We finished my doctor's appointment .. we did our things one does on the way back on our drive home.. NOT ONE PERSON said anything to me about my cape! NOT EVEN ONE! They didn't have to... when we got home, I ran to the mirror to look at my creation to 'see why' no one said anything and 'why'... they made those expressions... because... I saw them! I sensed them!

My beautiful cape.... looked so ... pitiful. It wasn't as beautiful as when I first made it. I turned this way and that way and I began to feel like a 'penguin'..... yes, a penguin! My hands were sticking out those little 'half-sleeves' made me look like that's all I had... just 2 hands in gloves. I think ...I might have noticed... that 'before'... but, forgot in my excitement just before wearing it!

To complete the image I had in my mind of looking like a 'penguin'... I began flapping my hands together and holding my two feet and legs tightly together... and began slowly turning around ...making a sound I thought ...penquins would make! Now... I'm a penguin! How ridiculous 'I' .... felt! I'd worn 'this'.... out in 'public!' I felt waves of warmth come over me... waves of nothing but... pure embarassment! Just pure red embarassment.... it took days to get over this!

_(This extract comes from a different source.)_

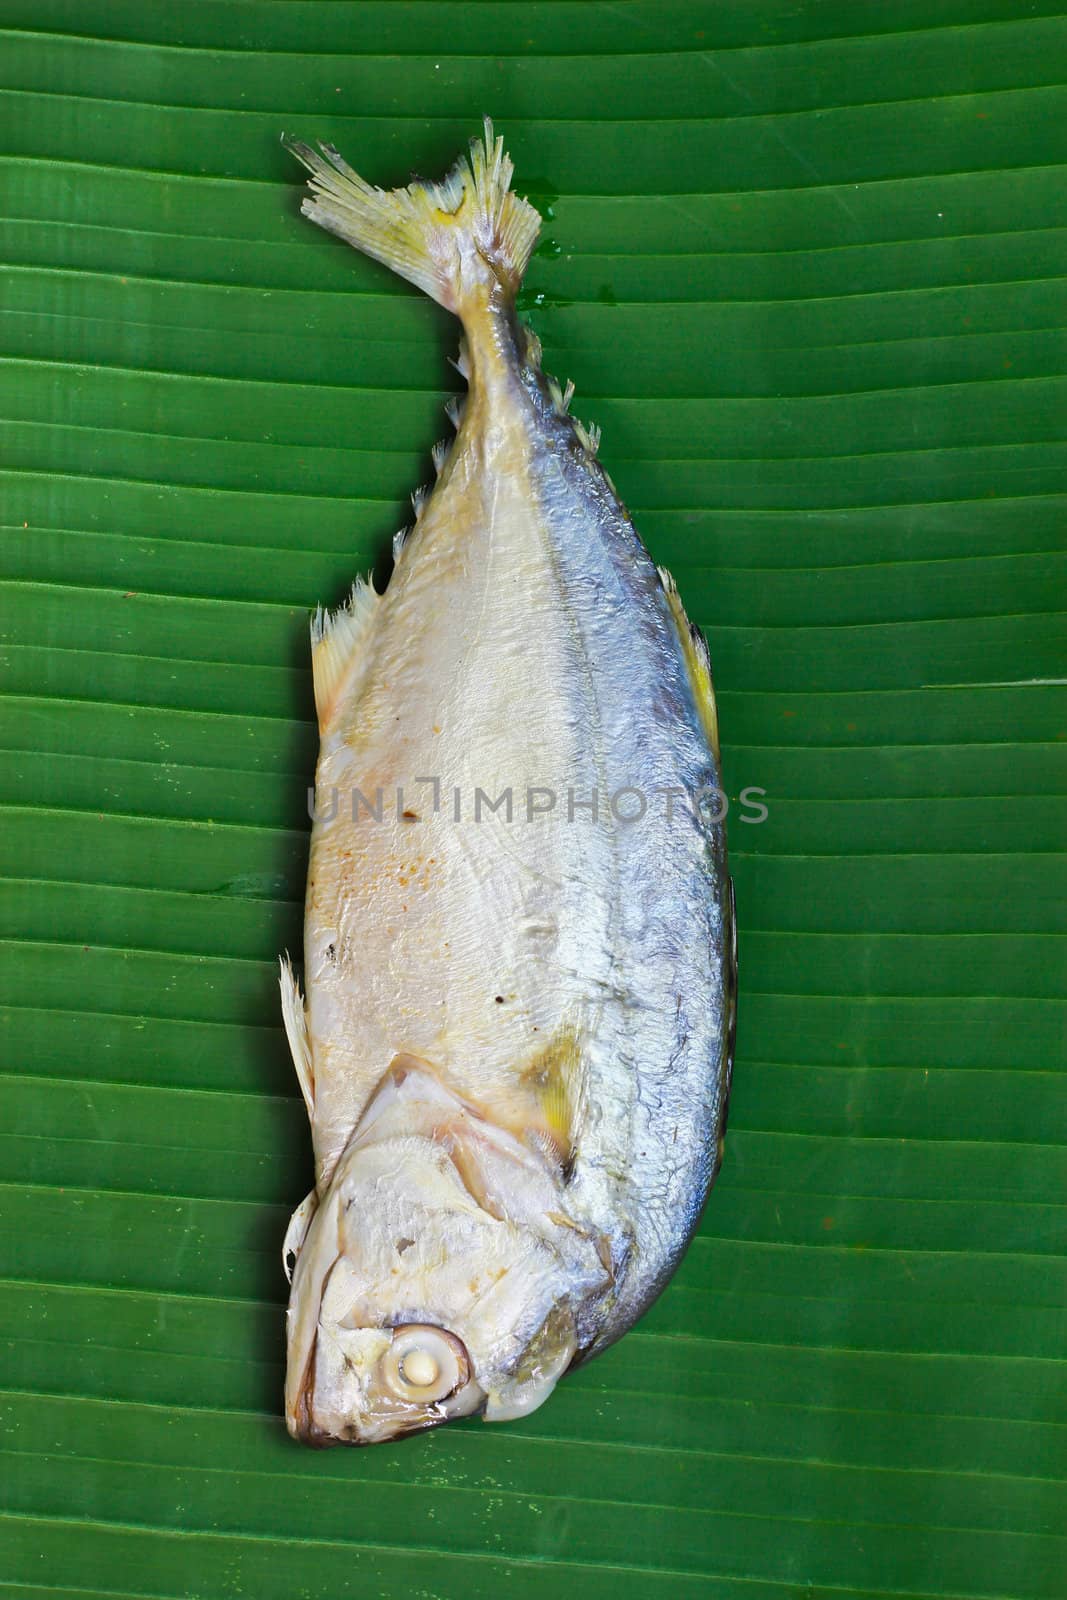 Chub mackerel on a banana leaf by bajita111122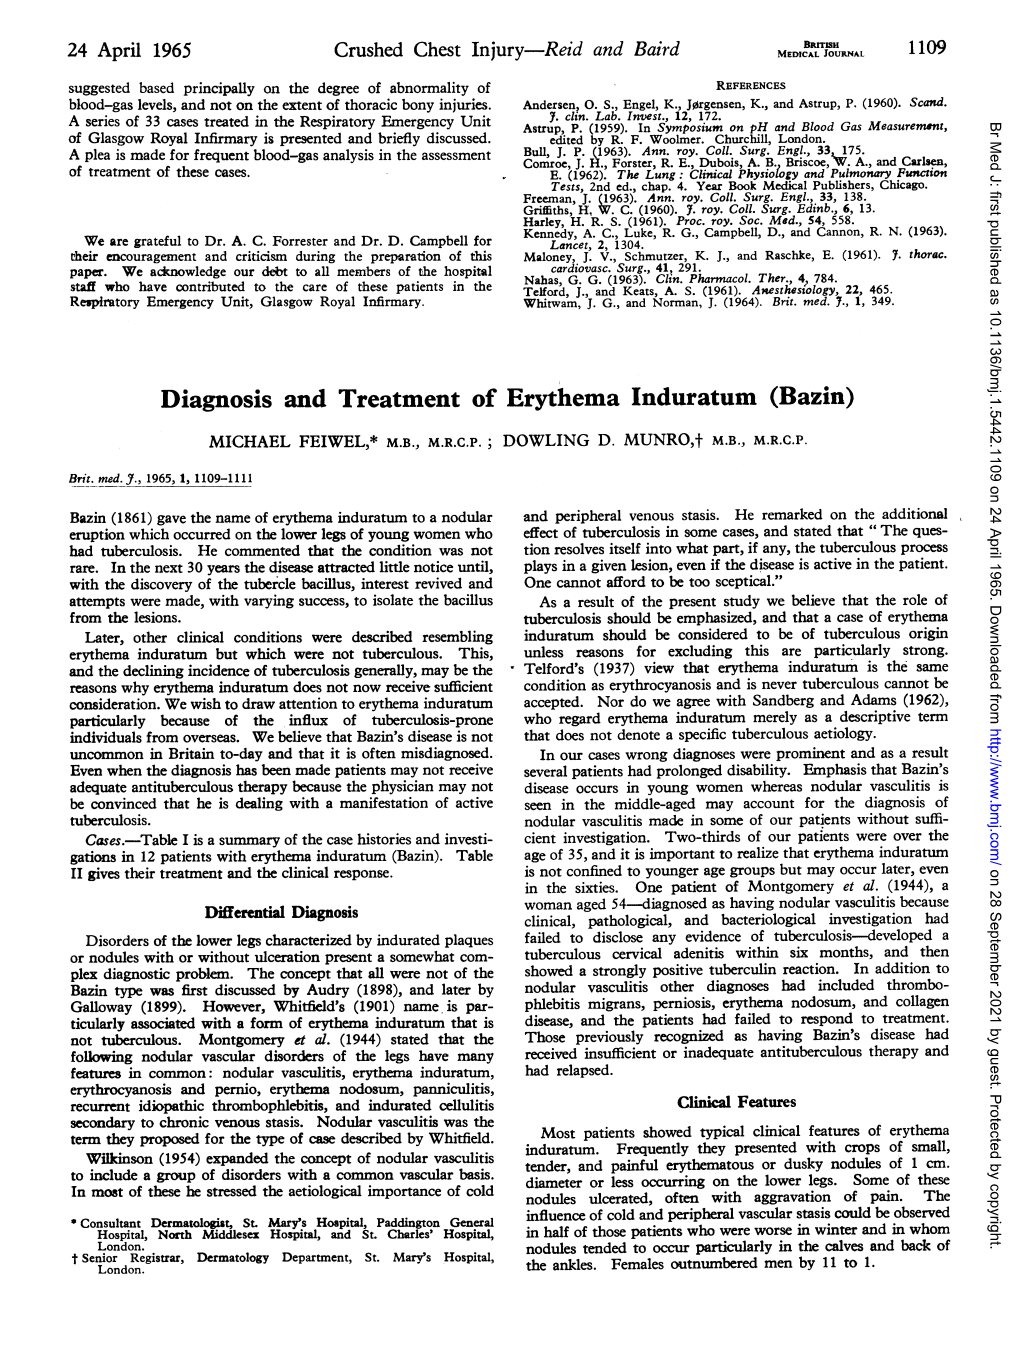 Diagnosis and Treatment of Erythema Induratum (Bazin) MICHAEL FEIWEL,* M.B., M.R.C.P.; DOWLING D

See... I'm also, good at making nothing out of something. Don't you just hate to be embarassed? Especially being an adult.... because as a child.. everyone knows it's because you aren't experienced enough at that age...if it isn't right. No one thinks twice about it!

I was an adult doing this... I know I was laughed at... in my mind I see this 'penguin flapping 'those hands in the half-sleeves'... slowly turning around and... around... listen! It's making some kind of sound.. that sounds like a... penguin?!!! I'm glad 'alot' of years have gone by now. I don't think there's anyone who'd remember 'that' now, and connect it with 'me'!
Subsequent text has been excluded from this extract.